Since he arrived in Spokane last September, Hays has spent a few nights on the streets. But after he stepped on a nail and ended up in Sacred Heart Medical Center, his only support system has been community programs that can assist him with housing and mental health services. "I have temporary housing through Supportive Living and am on the waiting list for the Housing Authority," Hays explains. "I don't need substance abuse counseling -- I dodged that bullet. But I stayed in Sacred Heart for two weeks while they got my meds [for schizophrenia] figured out."
But hospitals aren't the best -- or the most cost-effective -- places for homeless people to wait for other services to kick in.
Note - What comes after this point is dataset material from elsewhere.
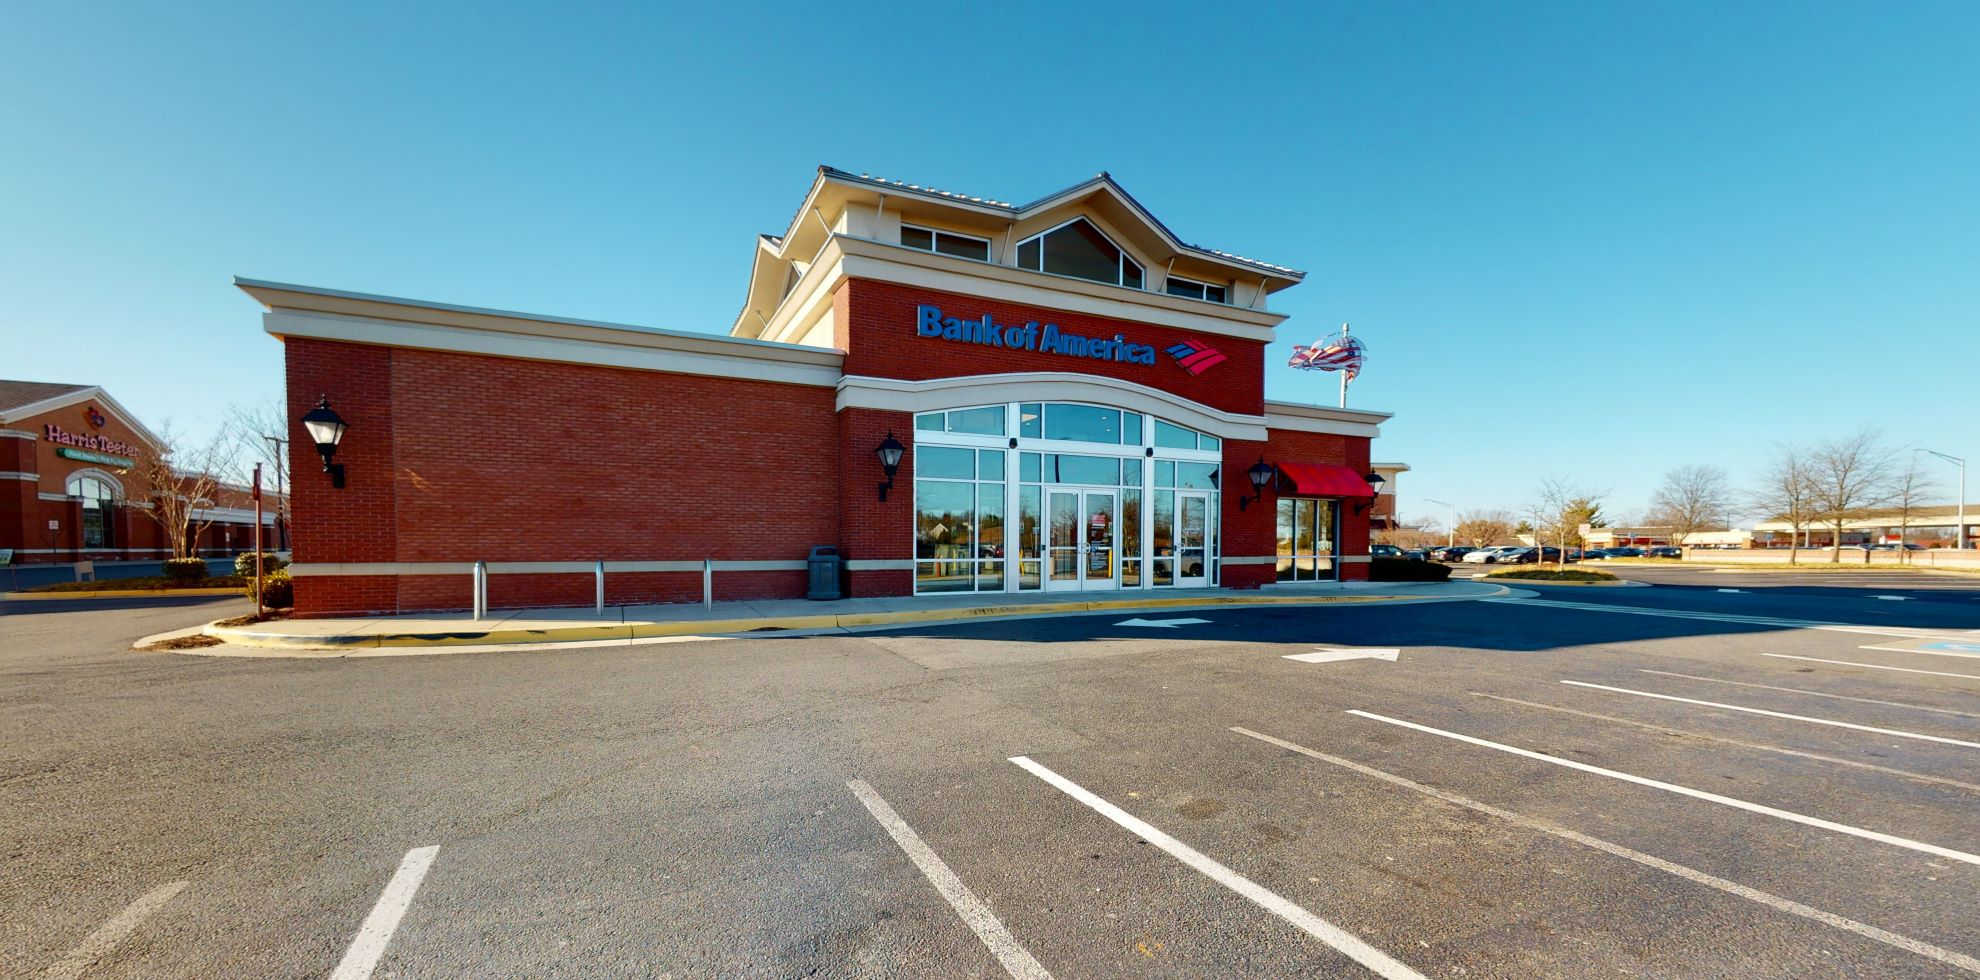 Bank of America financial center with drive-thru ATM | 10050 Market Cir, Manassas, VA 20110

Lipinski, with the Spokane Housing Authority, explains that when the study is finished in August 2005, the city, county and multiple nonprofit and charitable organizations will have practical solutions for integrating money and social services with supportive housing.
"I'm hoping it brings more resources," says Peeler. "I'm hoping we get our system organized."
Lipinski says that the CSH's grant to Spokane and Seattle will be an example for the rest of the state.
"It's part of a statewide steering committee that the city, county and Housing Authority sits on," she explains. "What we're doing in Spokane will be able to be used in other areas."
But other areas may not have the funding to couple social services with supportive housing. A bill introduced in the Legislature providing state funding for a network between housing and supportive services for homeless families was practically killed; it won't be heard again until next year, if at all. The bill, 2SHB2818, passed the House and was referred to the Ways and Means Committee, where it failed after a March 1 deadline.
Hopefully the Corporation for Supportive Housing grant will help Spokane homeless agencies and organizations coordinate their services so that people like Hays can get the assistance they need.
Hays says he plans to leave Spokane within a year and move to Yakima.
"I have a liberal arts degree, with a focus in education and linguistics," Hays says smiling. "I want to teach grade school kids on the reservation."